━━ Information shown

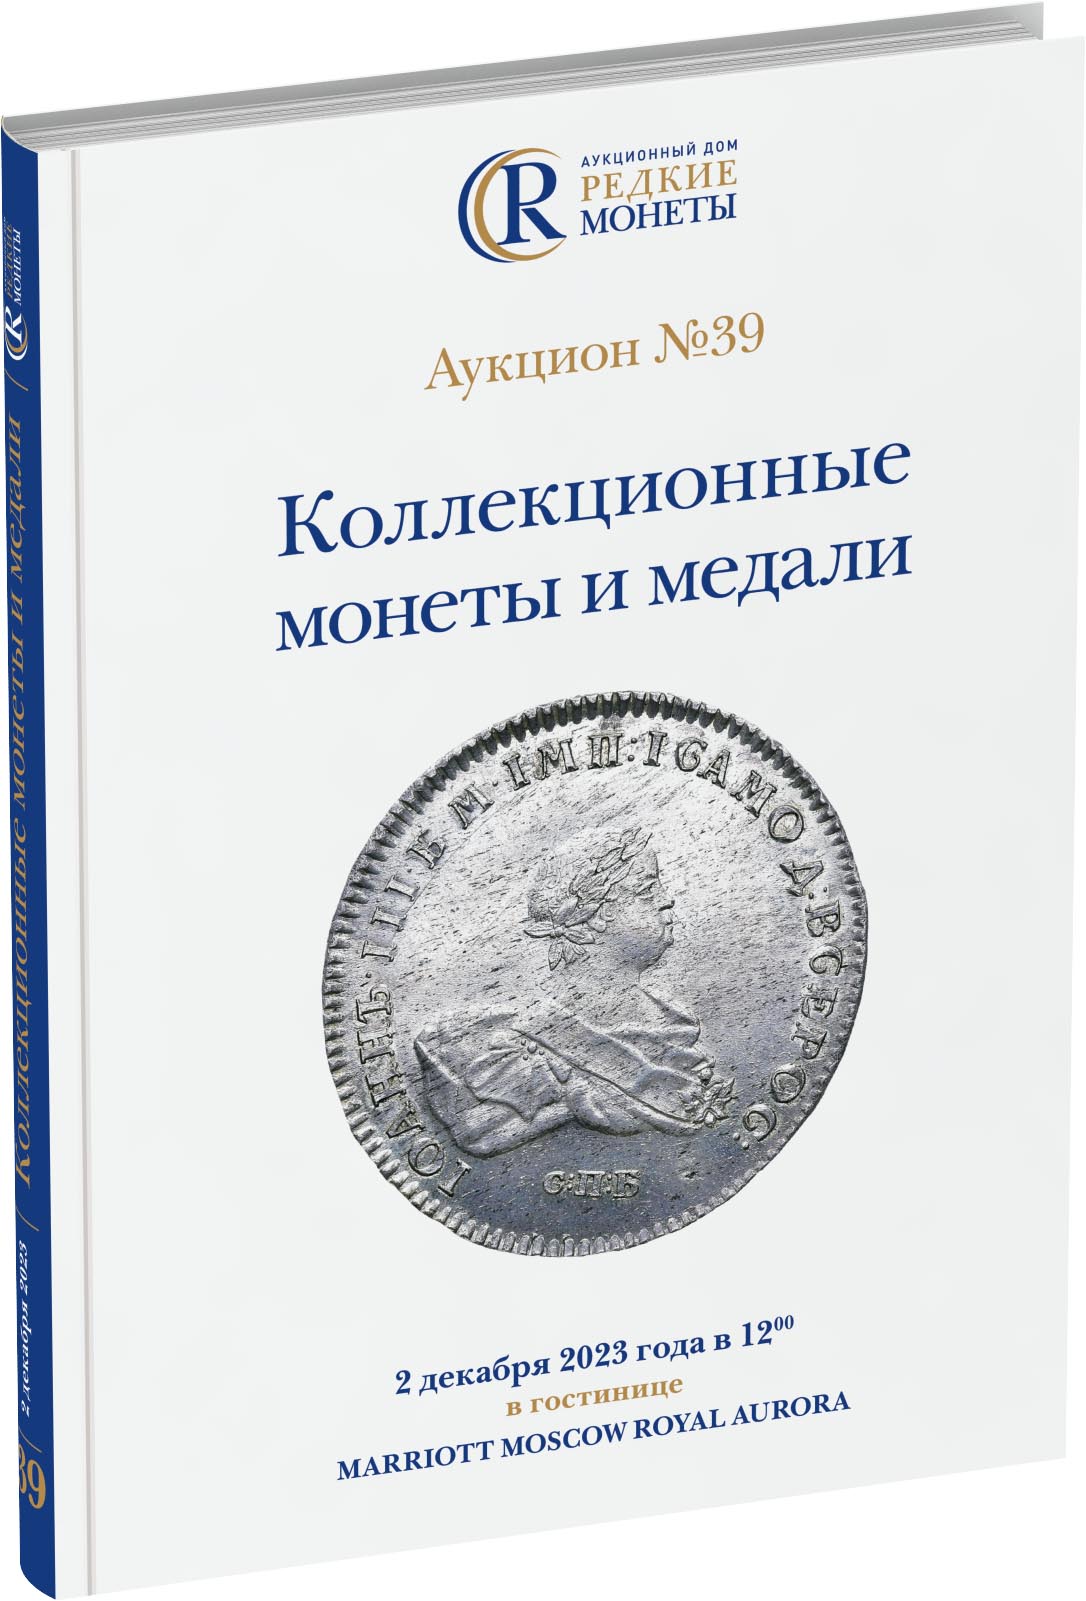 Обложка издания Каталог аукциона №39 «Коллекционные монеты и медали»
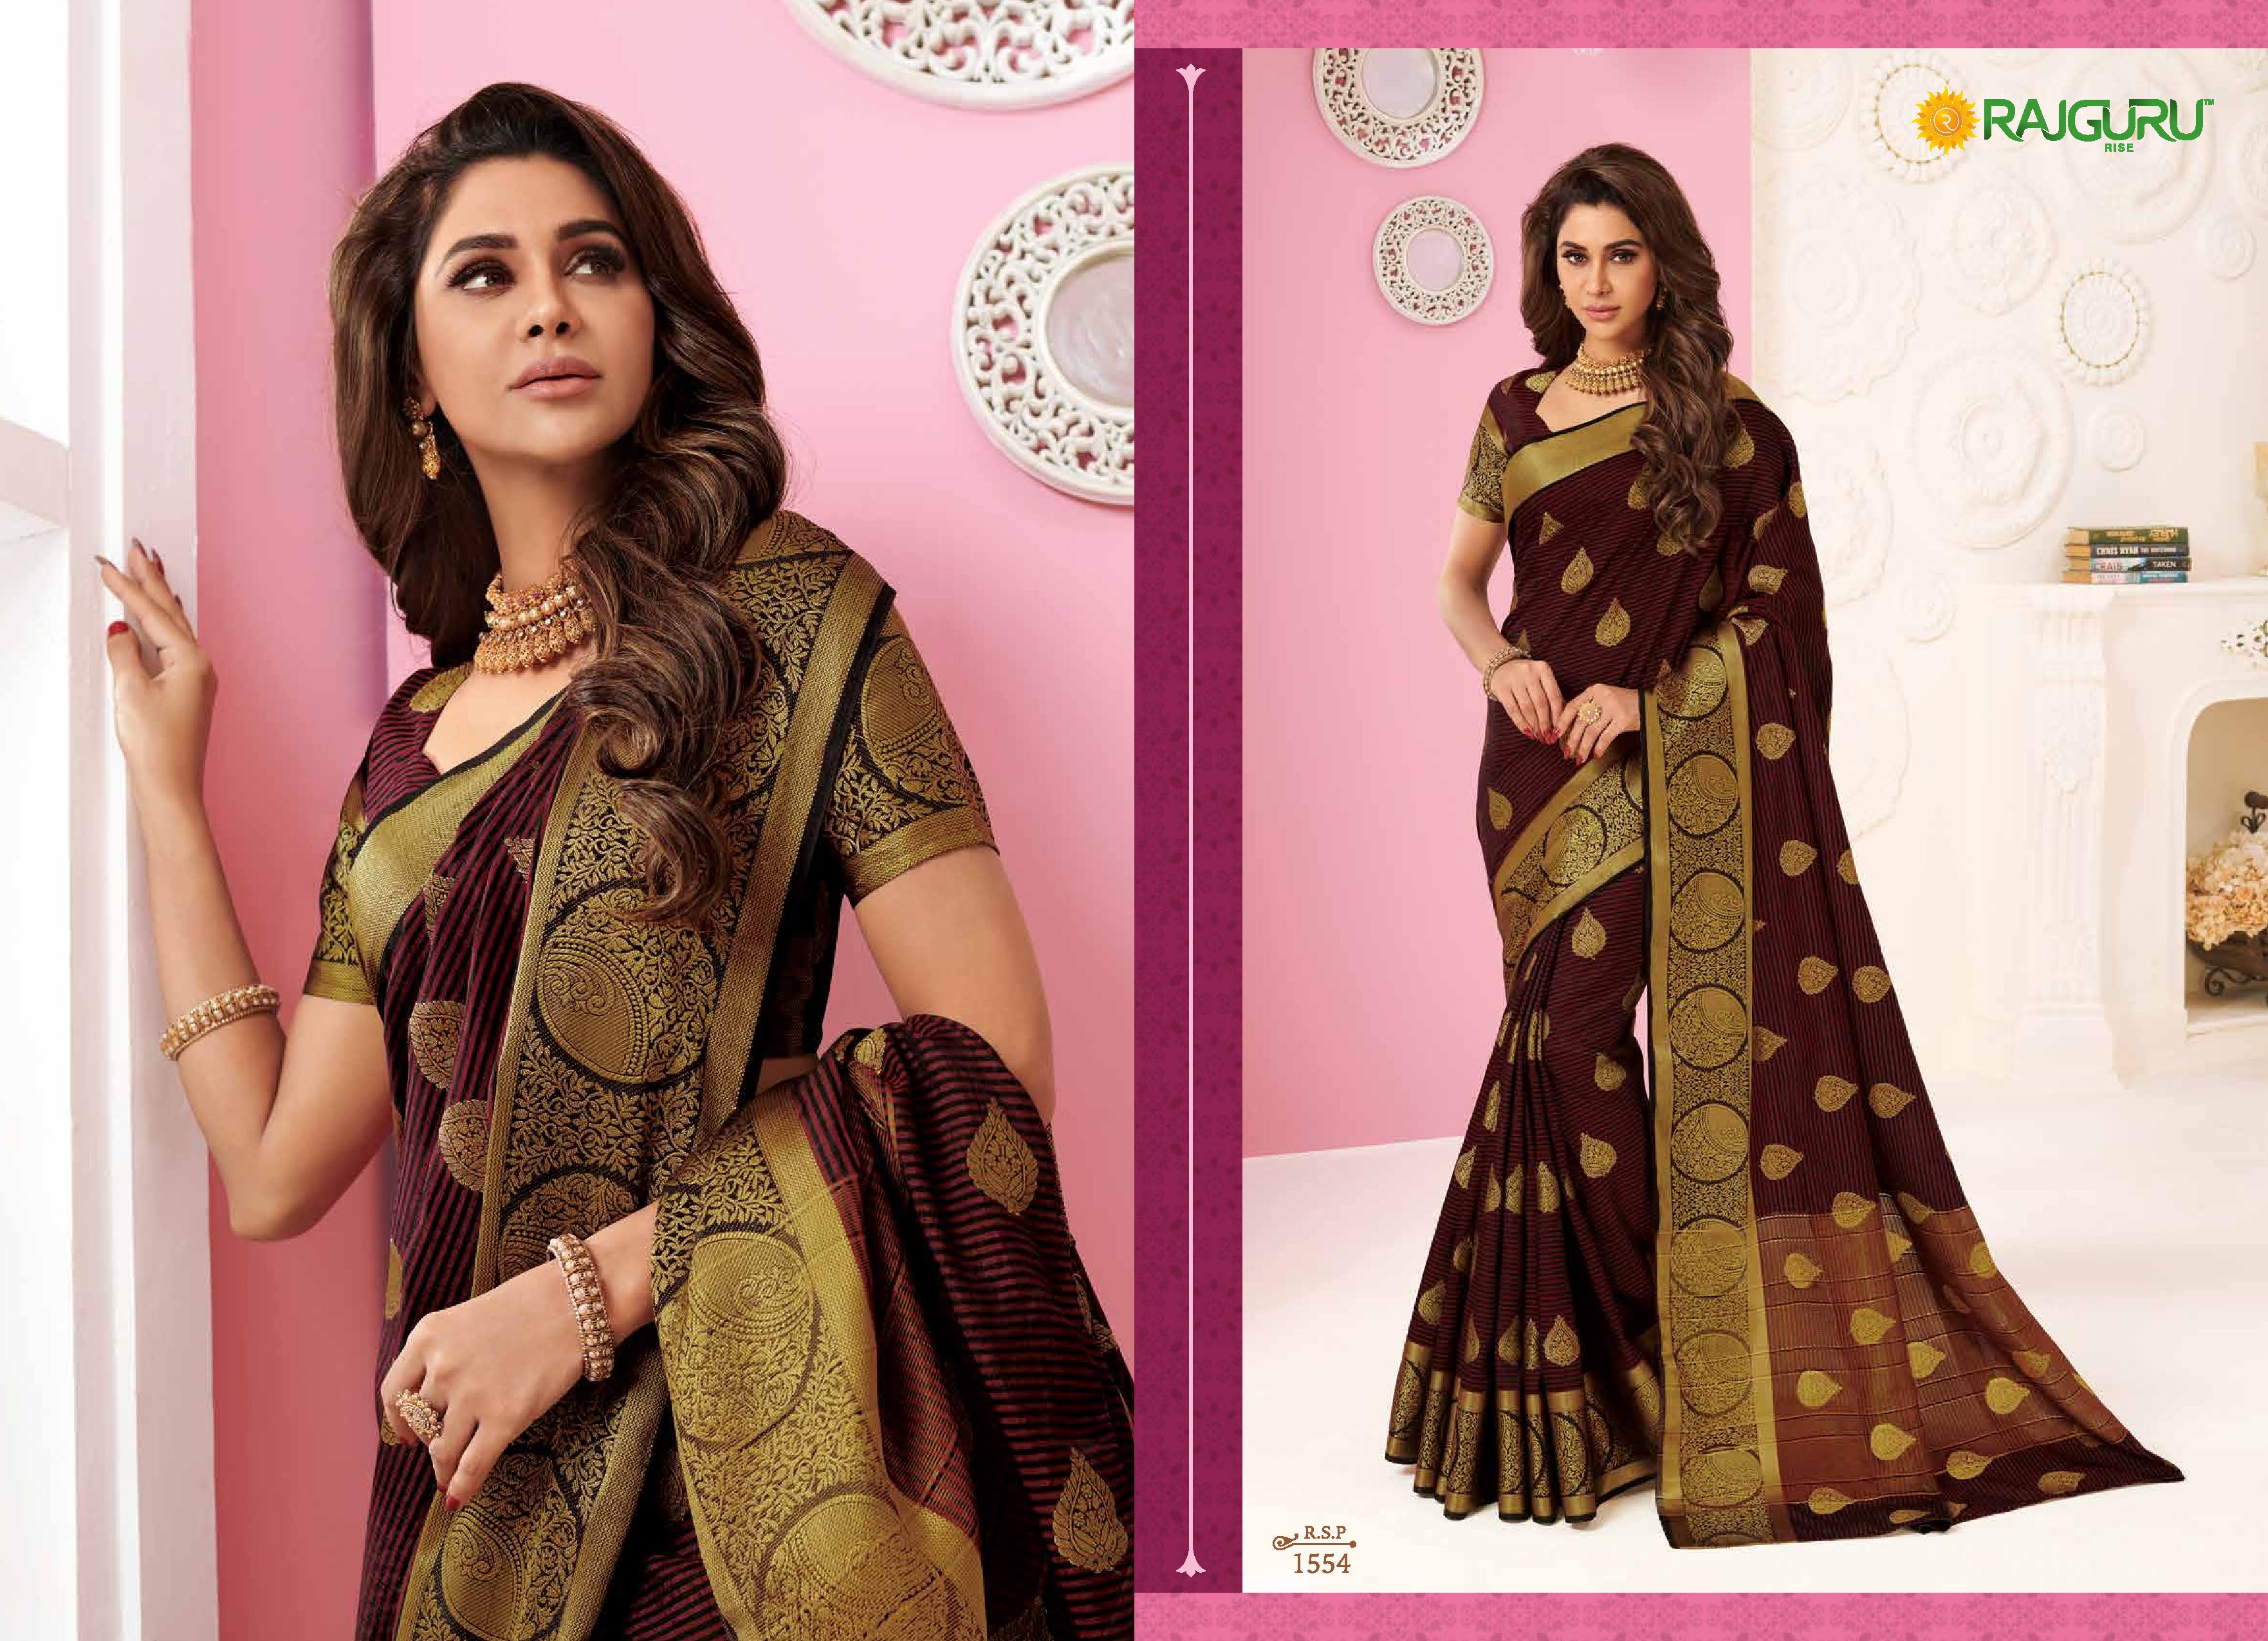 Rajguru Presents Heena Pink Beautiful Designer Silk Sarees Catalog Wholesaler
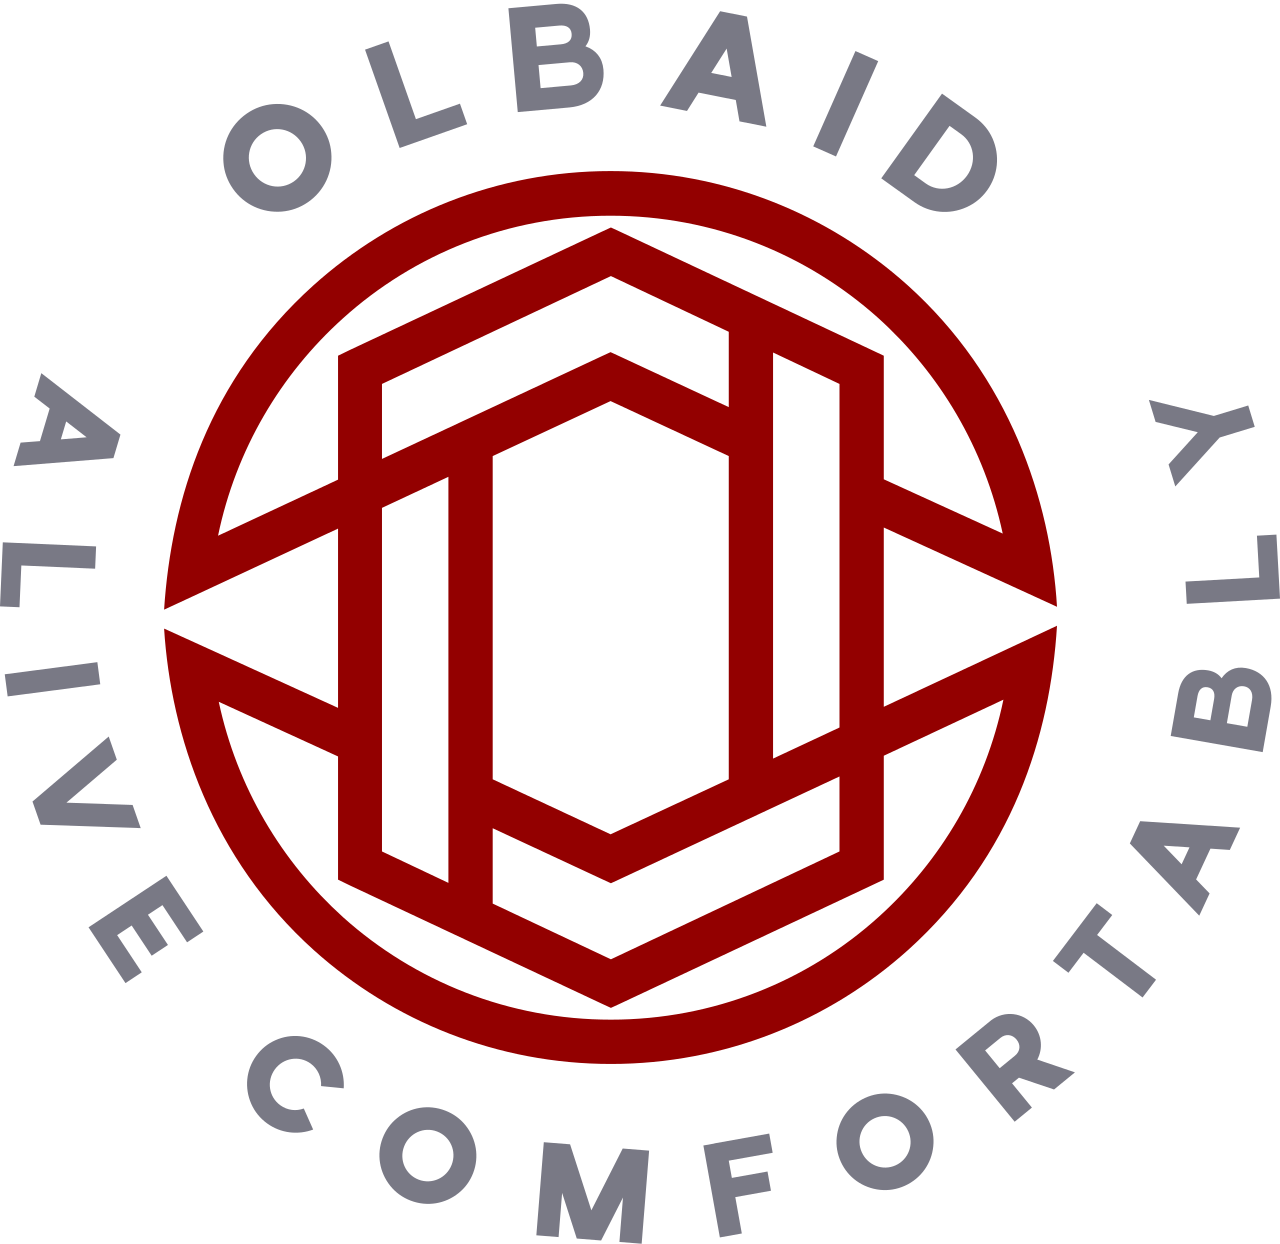 OLBAID's logo

━━━━

## Task
Leave every picture out and set down exactly the lines running from the one with "Rajguru Presents Heena" to the last line of the material above.

## Written response
 Rajguru Presents Heena Pink Beautiful Designer Silk Sarees Catalog Wholesaler
 OLBAID's logo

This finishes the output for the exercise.